Republicans are shocked--SHOCKED!-- that they are being accused of trying to take down Obama at the expense of the country:
It is difficult to overstate how offensive elected Republicans find the sabotage accusation, which Obama himself has come very close to making. During the run-up to the midterm election, the president said at a town hall meeting in Racine, Wis.: "Before I was even inaugurated, there were leaders on the other side of the aisle who got together and they made the calculation that if Obama fails, then we win." Some Republican leaders naturally took this as an attack on their motives. Was the president really contending that Republican representatives want their constituents to be unemployed in order to gain a political benefit for themselves?
Why, yes.
Yes...
"If we’re able to stop Obama on this it will be his Waterloo. It will break him."
...he...
“It was absolutely critical that everybody be together because if the proponents of the bill were able to say it was bipartisan, it tended to convey to the public that this is O.K., they must have figured it out,” Mr. McConnell said about the health legislation in an interview, suggesting that even minimal Republican support could sway the public. “It’s either bipartisan or it isn’t.”

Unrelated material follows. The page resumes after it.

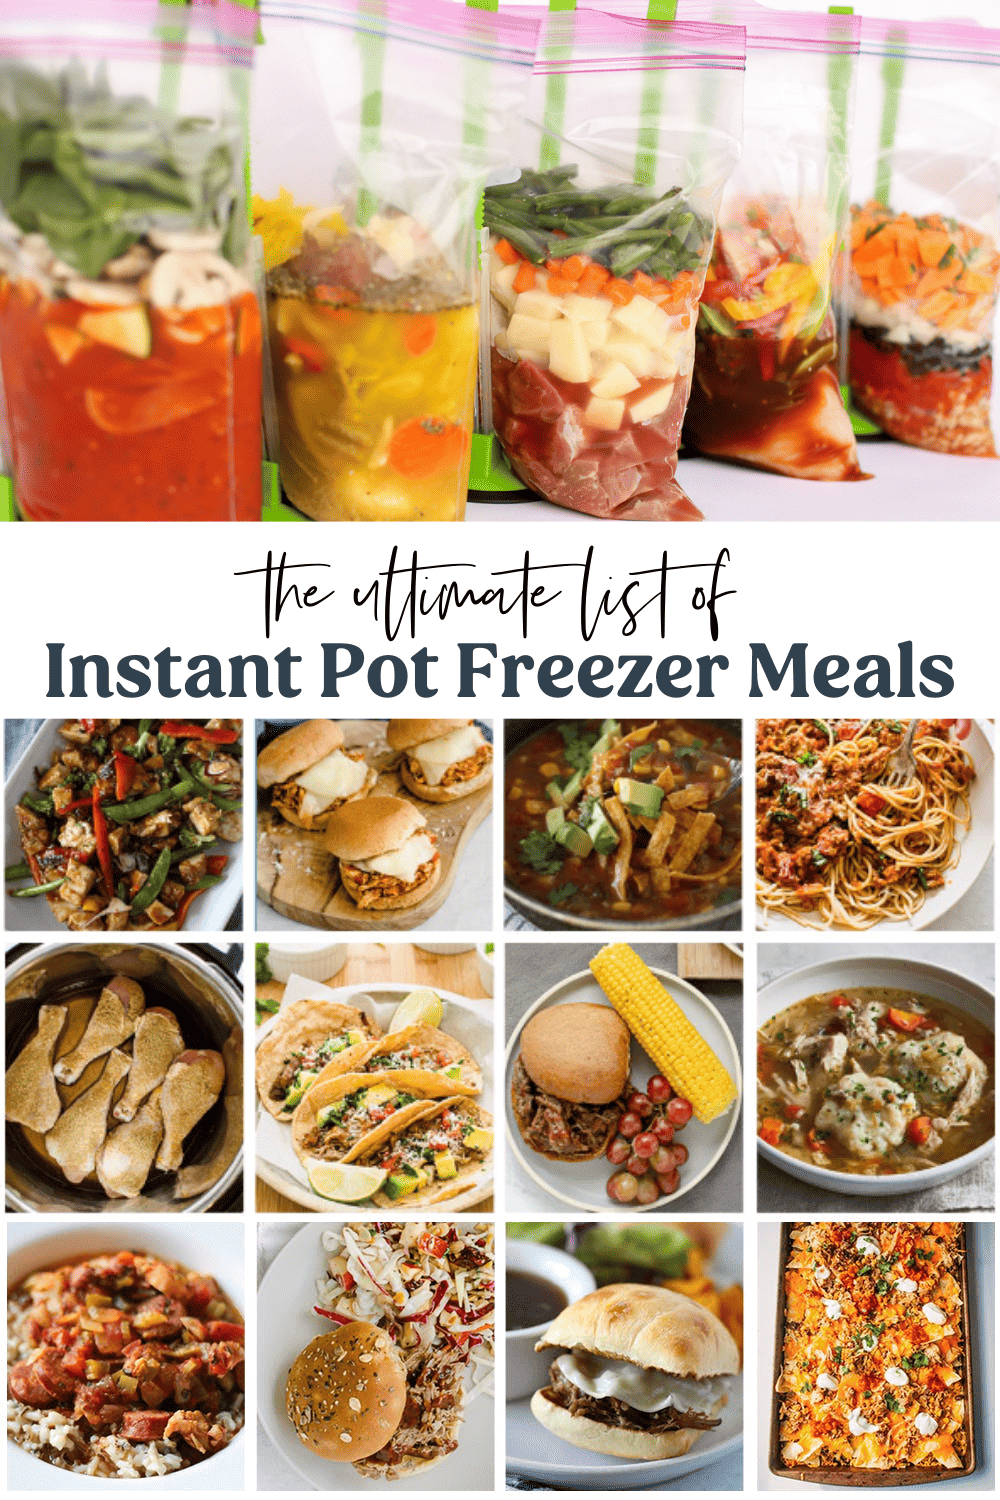 freezer meals in freezer bags and photographs of finished Instant Pot meals that are plated.

Mr. McConnell said the unity was essential in dealing with Democrats on “things like the budget, national security and then ultimately, obviously, health care.”
...did.
In an interview today on MSNBC's "Morning Meeting with Dylan Ratigan," Senate Finance Committee ranking member Chuck Grassley (R) said he'd vote against any health-care reform bill coming out of the committee unless it has wide support from Republicans -- even if the legislation contains EVERYTHING Grassley wants.
"I am negotiating for Republicans," he said. "If I can't negotiate something that gets more than four Republicans, I'm not a good negotiator."

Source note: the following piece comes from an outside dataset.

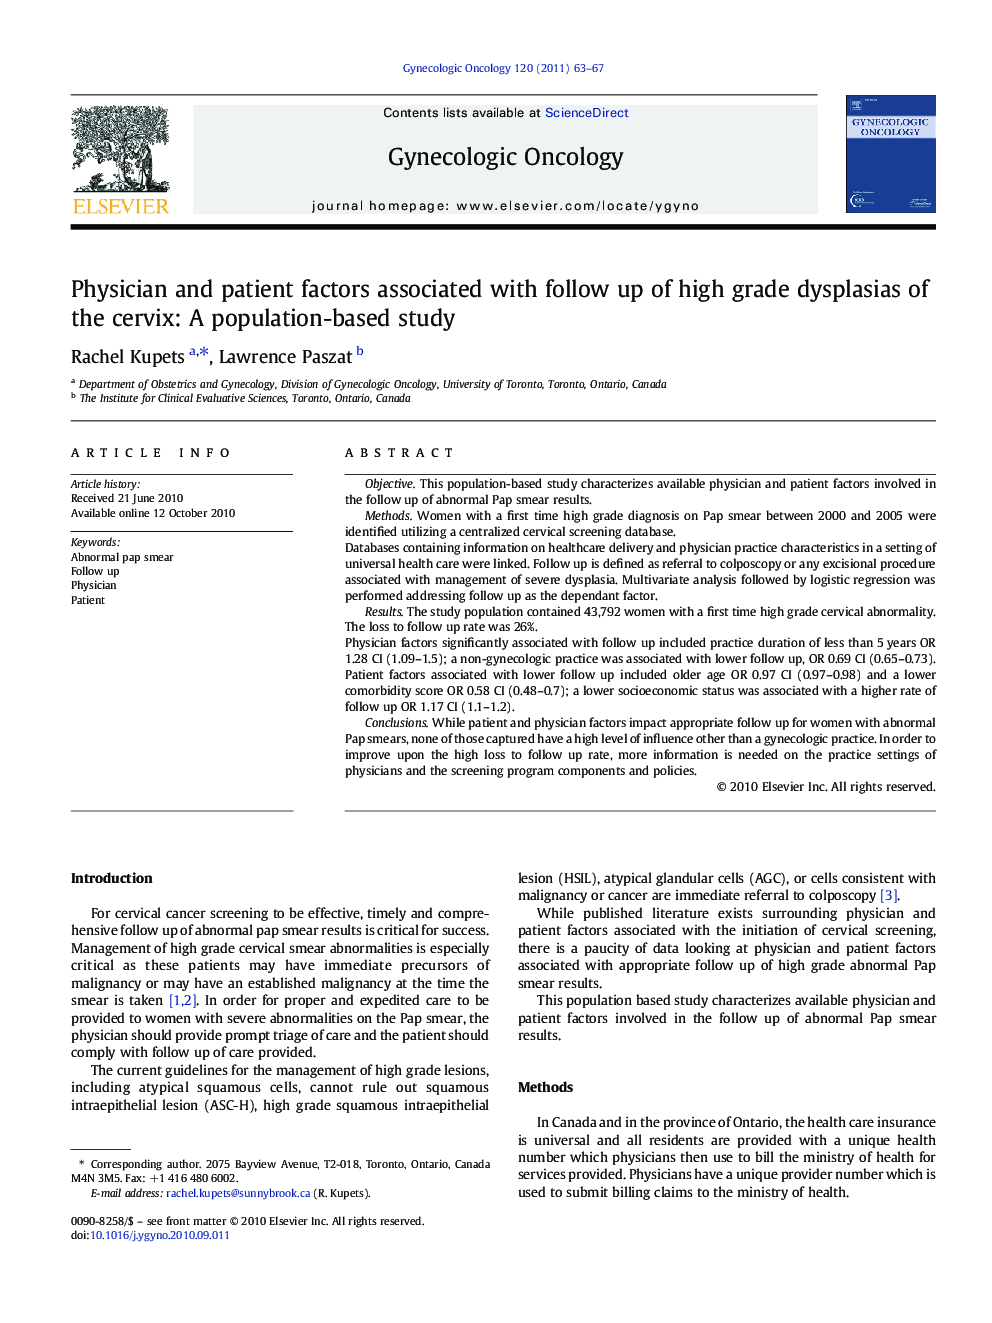 Physician and patient factors associated with follow up of high grade dysplasias of the cervix: A population-based study

One can make the argument that bipartisanship does not produce desirable outcomes. No Child Left Behind and the Iraq War certainly give credence to that idea. But that's not the argument being made.
To say the Republicans aren't doing everything they can to be uncooperative obstructionists, with the nation's wellbeing as collateral damage--from withholding approval of numerous and important cabinet appointees to delaying renewal unemployment benefits three times to ransoming middle-class tax cuts to withdrawing support for the vital START treaty--is disingenuous in the extreme.